Eden made a space for herself on one of the chairs by pushing aside a pile of clothes. She took a pad from her jacket pocket. “I understand. Was Mr. Partridge home on Monday evening?”
“Most nights he goes out to drink. I watch the TV, and he doesn’t like the TV.”
“So on Monday evening, he wasn’t at home? He was out…drinking?”
“I don’t remember exactly, but I guess he was. That’s what he usually does.”
“And you weren’t with him?”
Albright took another long draw on her cigarette. She blew out the smoke. “No. Mondays, there’s the Idol program I like to see.”
Eden wrote on her pad.
“What’d you just write? Are you writing what I say?”
“Just taking notes.”
Eden wondered at the apartment’s ordinariness. The sofa was covered in a print of faded dahlias. The wall behind the sofa held a framed winter landscape and a clock with a painted rooster. Was this the house of a serial killer? What did she expect? Body parts on the bookshelf? “When Mr. Partridge goes out, does he go by himself or with a friend?”
“Alone, I guess. He never says. I don’t care for it myself. I worked at a bar for a while and saw enough of those people. On Fridays, Win and me go to Applebee’s. The other nights I have my programs.”
“Do you remember what time Mr. Partridge returned Monday evening?”
“I don’t know. We don’t keep track like that.”
“Were you still awake when he returned?”
Albright drew on her cigarette and shrugged. “I think I was. I was watching the news, so it must’ve been around eleven.”
“You’re sure of that?”
“Pretty sure. What’s this about anyway?”
Loud voices suddenly erupted on the TV, and both women turned to watch. Briscoe and Green were questioning a teenage suspect on a street corner. Green shoved the suspect against a wall, and Briscoe tried to restrain his partner.
Eden looked back at Albright. “It’s importa
nt we understand where Mr. Partridge was that night.”
“Are you trying to say he did something?” Albright jabbed her cigarette into the bottom of the ashtray. “Lady, you really ought to get out of here before he comes through that door. He’ll be real mad at me just for letting you in.”

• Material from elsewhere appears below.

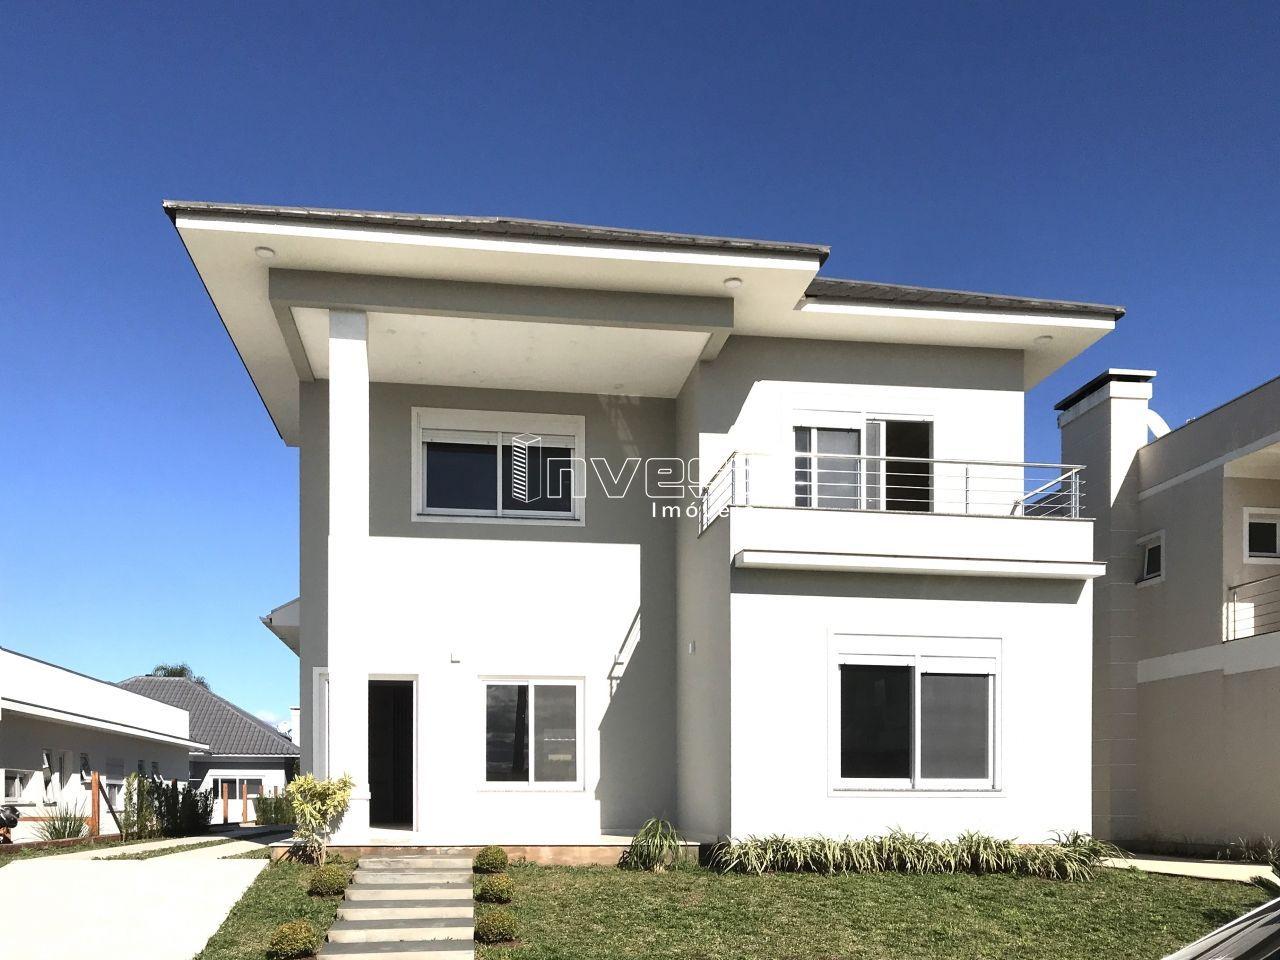 Casa à venda  no Jardim Europa - Santa Cruz do Sul, RS. Imóveis

Hearing the other woman’s suspicion, Eden thought of her own mother. Madeline Somers of Ridgefield, Connecticut, lived under one guiding principle of upper-middle-class manners—other people’s private lives are their own affair. Here was her oldest daughter poking into a couple’s life. “Did Mr. Partridge say anything when he came home Monday night?”

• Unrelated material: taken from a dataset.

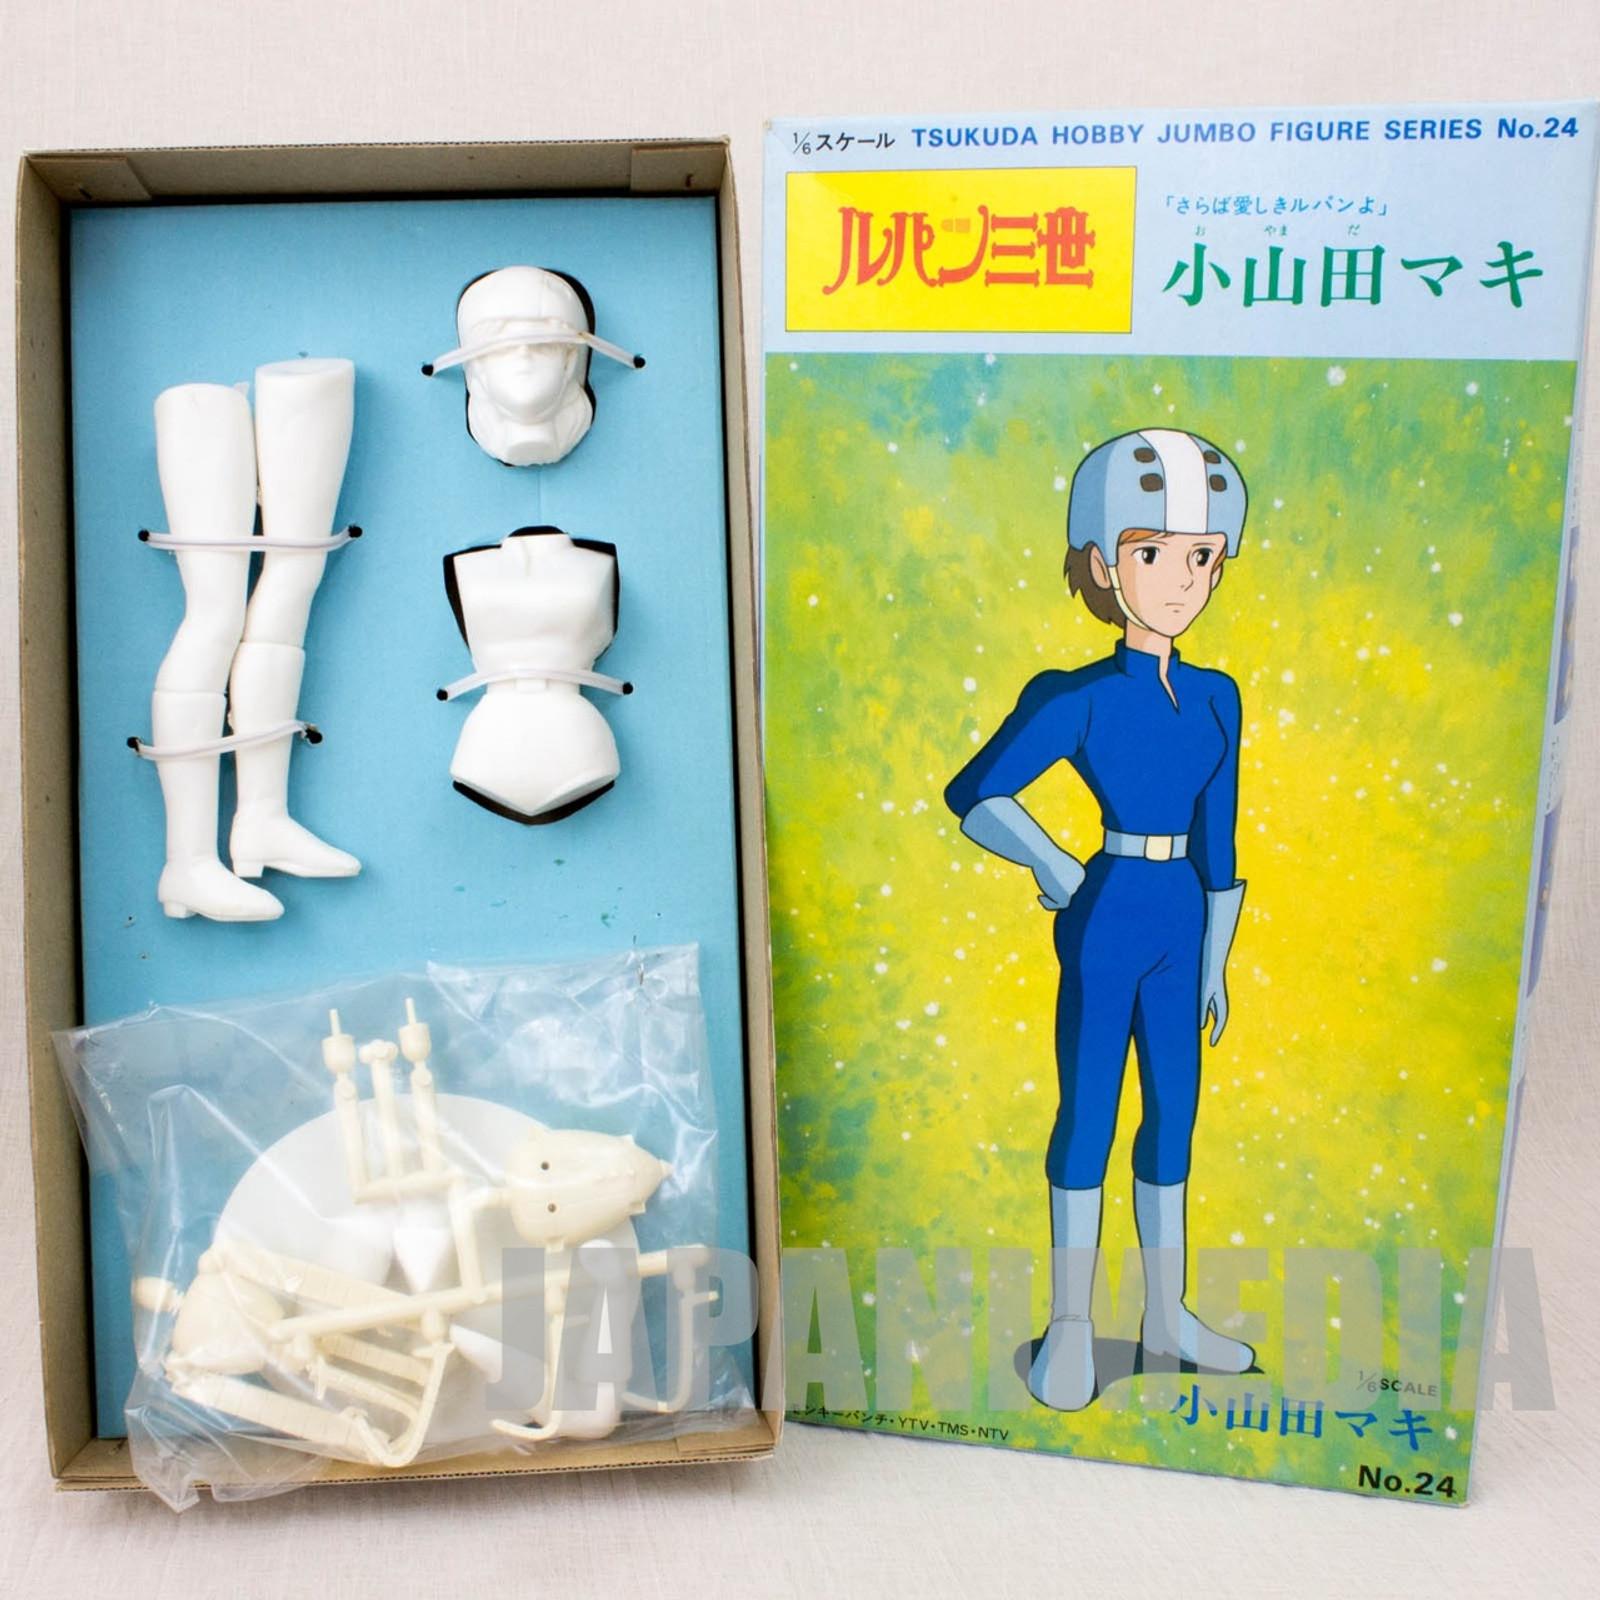 Lupin the 3rd Maki Oyamada Tsukuda Hobby 1/6 Model Kit JAPAN ANIME FIGURE

“He said he saw the Giants game at the bar.”
“What was his mood like?”
“His mood? How the hell should I know? You’re just like Win said. He told me law enforcement has it out for him. They’re always after him for something.”
“How long have you known Mr. Partridge?”
“A long time. Twelve years or so. Win’s an honest man. He has a job and works hard. He made a mistake years ago, is all. He told me all about it.”
Eden looked at a poster on the living room’s other long wall. It was a colorful, ornate print of a man sitting cross-legged, hands in his lap. “That’s an unusual picture,” Eden said.
Albright turned to look. “Creepy, if you ask me. But it’s kind of a big deal for Win. Something called Kundalini. When Win got out of prison, a friend started him on it. Gives him power, Win says.”
Eden wrote on her pad.
“Now what’re you writing?”
“Just some notes.”
“Listen, Detective whatever you are, I wouldn’t be here asking all these questions and writing stuff when Win comes home. I already told you he doesn’t like you cops. It’s just the way he is.” Albright walked to the door and opened it.
Eden stood. “I notice, Ms. Albright, you have an unusual accent, not like the other Californians I’ve met. May I ask where you’re from?”